It was also interesting to see that there were Harrison fish coming in on a continuum. So either they were hatching at slightly different times and coming down right away or some might’ve just been choosing to hang out in the freshwater for a bit longer before moving down. But some of them entered as early as the beginning of March, and some actually entered in May. And then all of them hung out and grew while they were in the estuary at a pretty consistent rate.
So you would think maybe there’s a strategy to entering really early or entering really late, but it doesn’t really look like there’s a big difference there. It’s just the earlier the entry, the smaller you are and the more growth you do in the estuary, but the daily growth was pretty similar across all those fish.
Having now more concretely confirmed that the Chinook are spending a lot of time in the estuary, what do you hope this will mean for the broader context of the Lower Fraser River and the threats that it faces?
Chalifour: Well, I really hope that it serves as another wake up call. I think that salmon biologists, and a number of different types of biologists who work in the Lower Fraser, are well aware of the many different pressures here; the heavy human footprint on this area, not to mention the looming threat of climate impact. And so I think that when you go from thinking the estuary is probably important for a population to knowing that it’s a key part of the survival of this population, that it’s just that much stronger to say, okay, we really need to evaluate what we’re doing with this remaining habitat, because that habitat is directly supporting this population of fish.

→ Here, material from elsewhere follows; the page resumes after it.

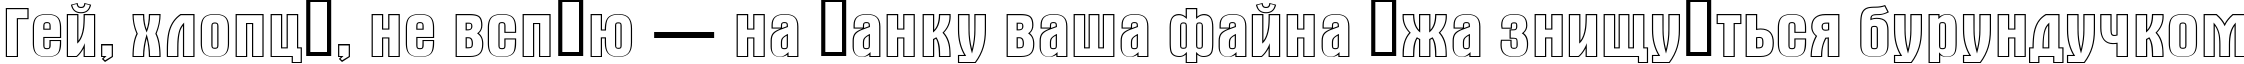 Пример написания шрифтом a_AlternaOtl текста на украинском

And we hope it will influence environmental assessment decisions for different development projects, as well as restoration initiatives and maybe even some protection initiatives, although there’s not much left to protect.
MacDuffee: The big threat that is looming over the Fraser is the expansion of Terminal Two. Some of our earlier research, before it was published, was presented to the panel in different formats and the panel made their decision about significant adverse impacts on juvenile Chinook, mainly from the Lower Fraser and the South Thompson, before we even published those papers and before the other work that Lia’s been part of, which is the priority threat management assessment, all of that came out after the panel had already concluded significant adverse effects on these juvenile Chinook populations. So hopefully that awareness will trickle up and influence the kind of decisions about more development within the estuary.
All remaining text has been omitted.